Decoupling placing items on the queue from processing items from the queue is really a logical design point. By this I mean you could change this at any time and move the processing side (the code pulling from the queue) to another application tier (a service tier) rather easily without breaking any part of the essential design. This gives a lot of flexibility. You could even run everything on a single Web Role node (or two if you need the SLA - not sure you do based on some of your comments) most of the time (two-tier), then go three-tier as needed by adding a bunch of processing VMs, such as for the New Year.
The number of processing nodes could also be adjusted dynamically based on signals from the environment - for example, if the queue length is growing or above some threshold, add more processing nodes. This is the cloud and this machinery can be fully automated.
Now getting more speculative since I don't really know much about your app...
By using the Run method mentioned earlier, you might be able to eliminate the cron job as well and do that work in that infinite loop; this depends on complexity of cron scheduling of course. Or you could also possibly even eliminate the entire Web tier (the Web Role) by having your cron job place work request items directly on the queue (perhaps using one of the SDKs). You still need code to process the requests, which could of course still be your Web Role, but at that point could just as easily use a Worker Role.
I see your point. Basically through HTTP request, you're kind of broadcasting the availability of a new task to be processed to other instances.
So if I understand correctly, when an instance receives request for the task to be processed, it pushes that request in some kind of queue (like you mentioned it could either be Windows Azure Queues [personally I would actually prefer that] or SQL Azure database [Not prefer that because you would have to implement your own message locking algorithm]) and then broadcast a message to all instances that some work needs to be done. Remaining instances (or may be the instance which is broadcasting it) can then see if they're free to process that task. One instance depending on its availability can then fetch the task from the queue and start processing that task.

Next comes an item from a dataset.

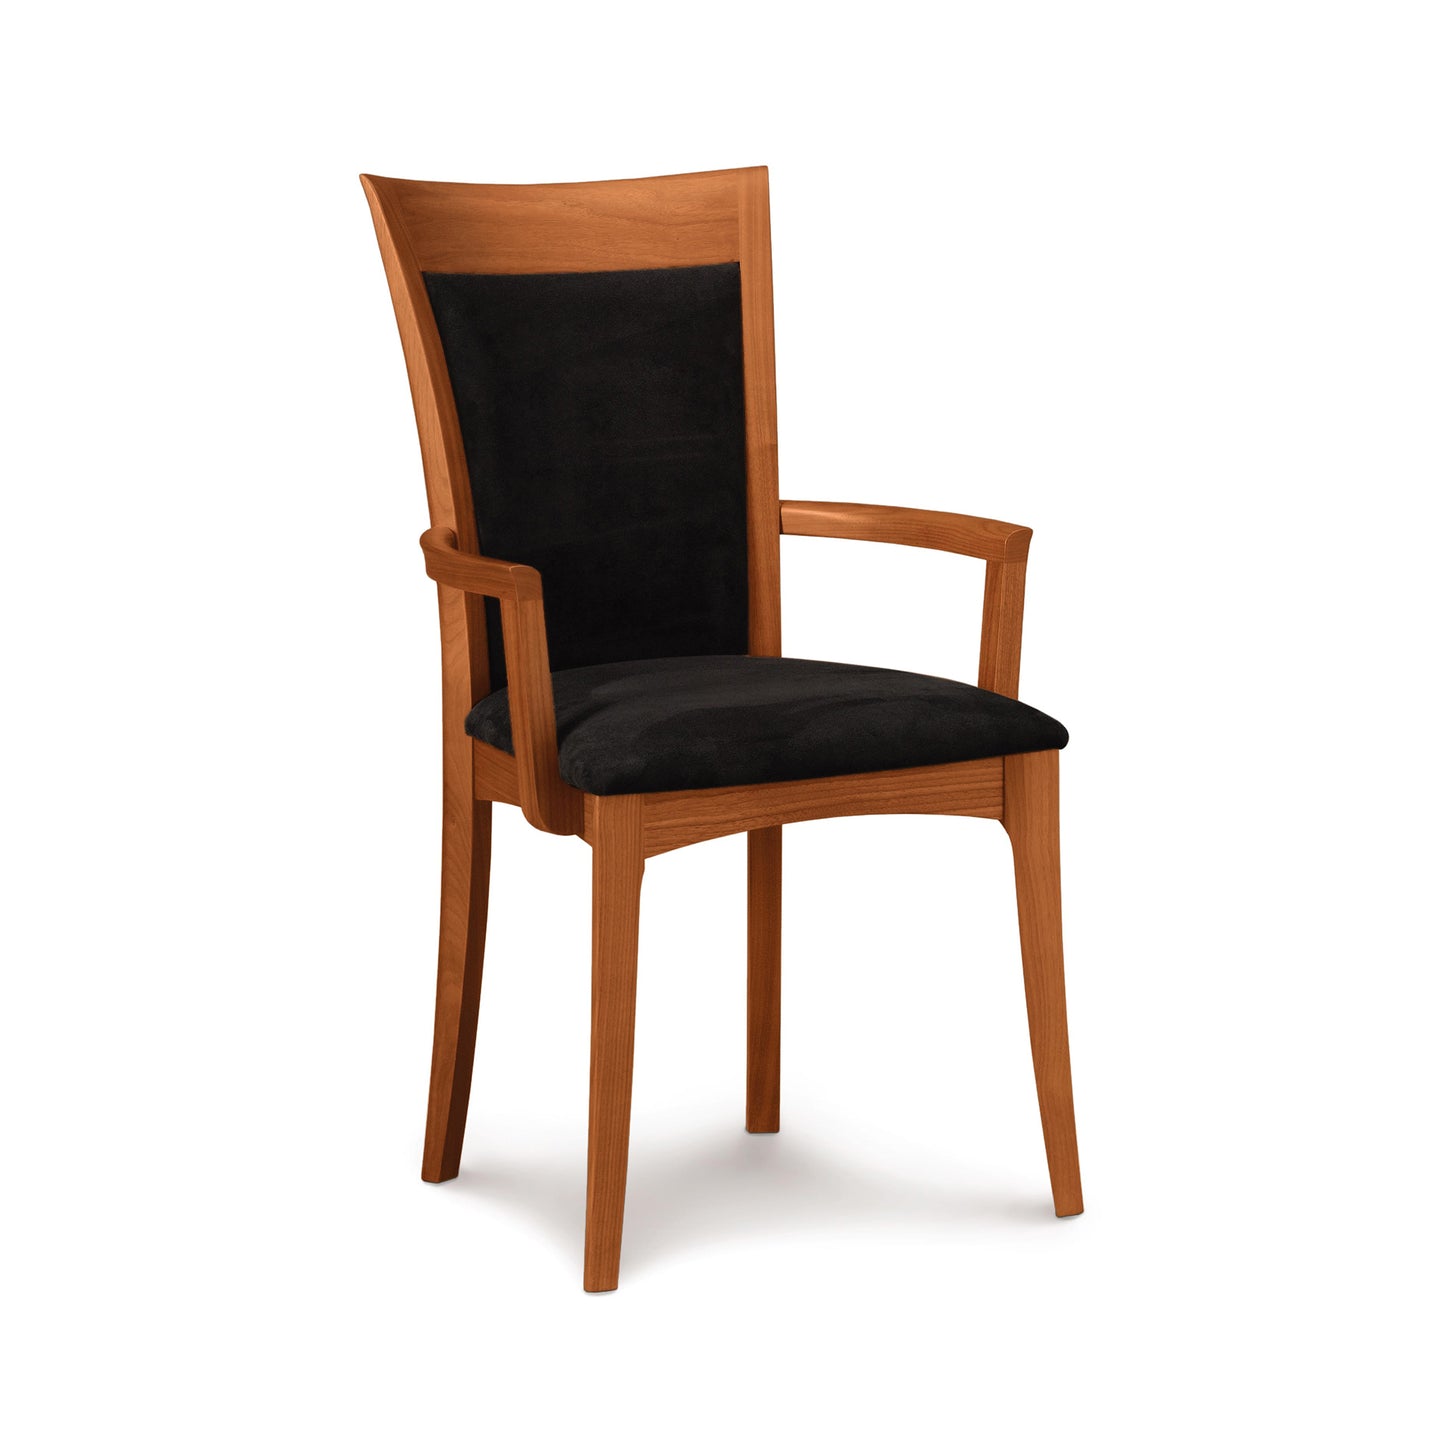 A Morgan Shaker Chair by Copeland Furniture with a black upholstered seat and backrest, isolated on a white background.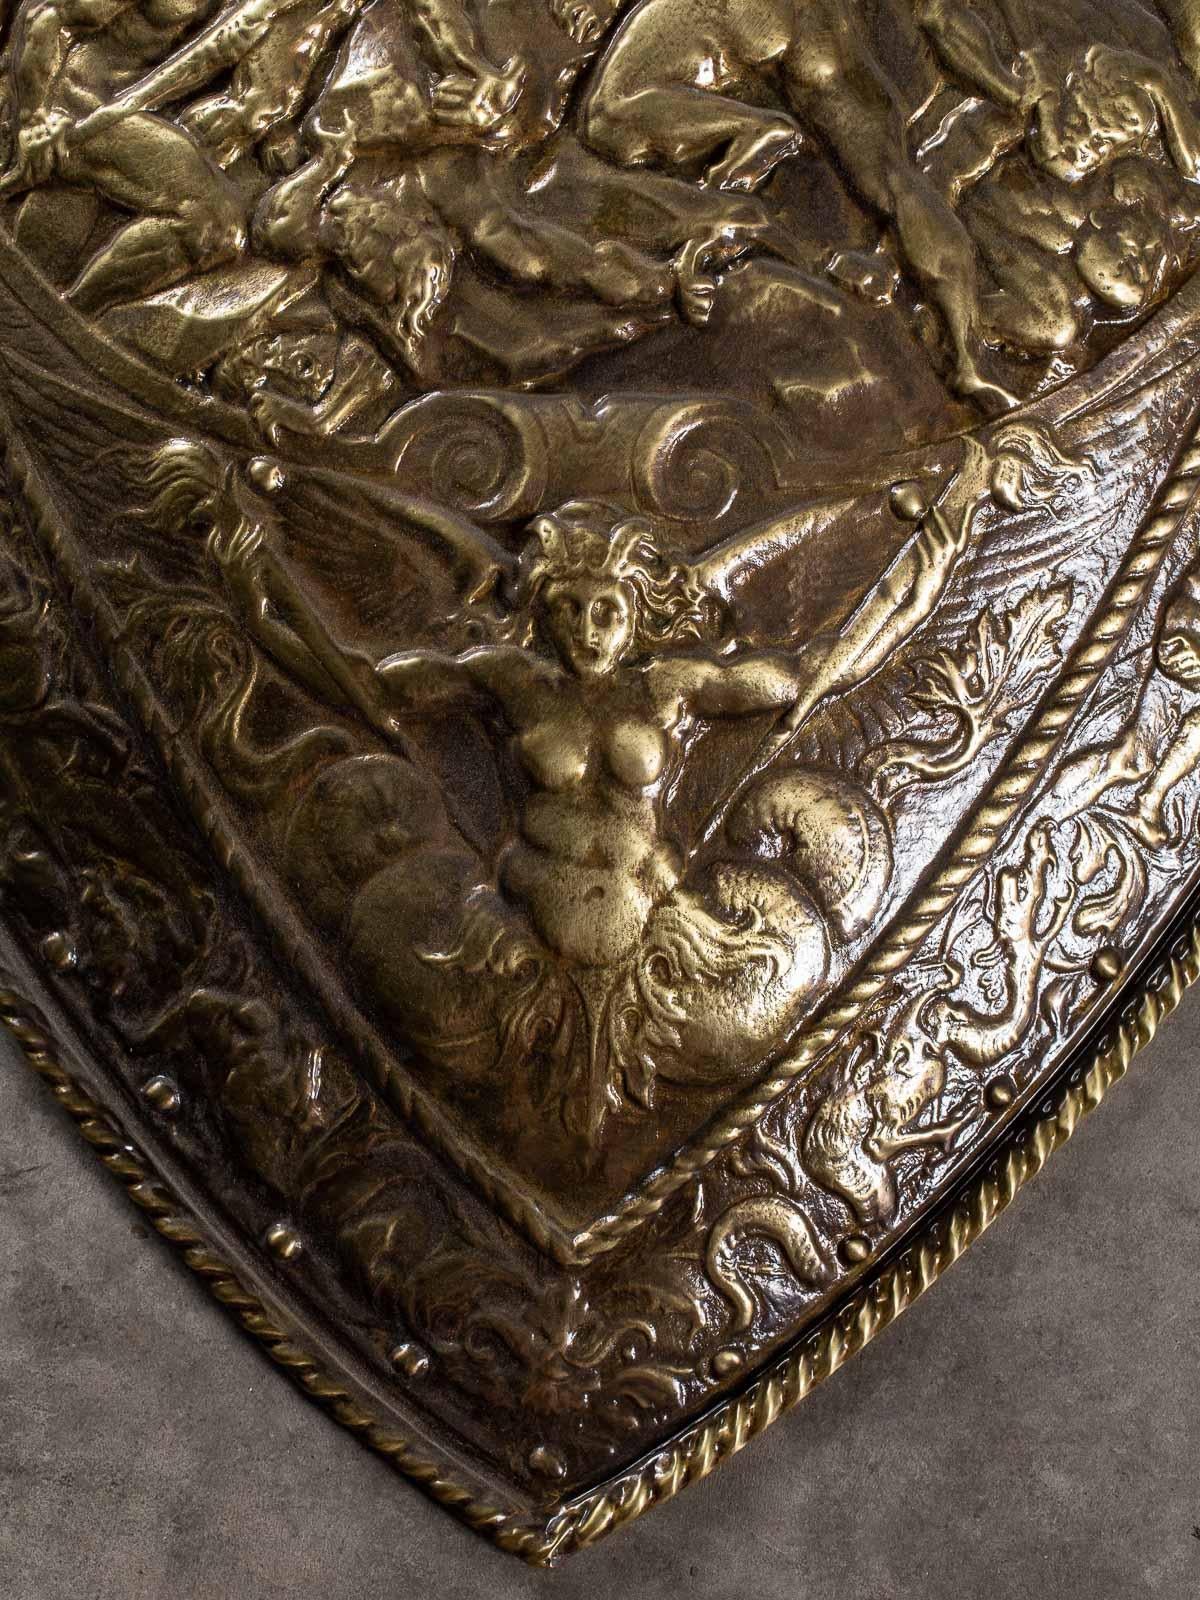 A striking Dutch parade shield circa 1880 featuring a Baroque style scene of warring figures. The inverted teardrop shape has a double border of ribbon twist with a band of male and females interspersed with dragons. In the center at the top is a

Assuming you used Windows Azure Queues, when an instance fetched the message, it becomes unavailable to other instances immediately for some amount of time (visibility timeout period of Azure queues) thus avoiding duplicate processing of the task. If the task is processed successfully, the instance working on that task can delete the message.
If for some reason, the task is not processed, it will automatically reappear in the queue after visibility timeout period has expired. This however leads to another problem. Since your instances look for tasks based on a trigger (generating HTTP request) rather than polling, how will you ensure that all tasks get done? Assuming you get to process just one task and one task only and it fails since you didn't get a request to process the 2nd task, the 1st task will never get processed again. Obviously it won't happen in practical situation but something you might want to think about.
Does this make sense?
i would definitely go for a scale out solution: less complex, more manageable and better in pricing. Plus you have a lesser risk on downtime in case of deployment failure (of course the mechanism of fault and upgrade domains should cover that, but nevertheless). so for that matter i completely back Gaurav on this one!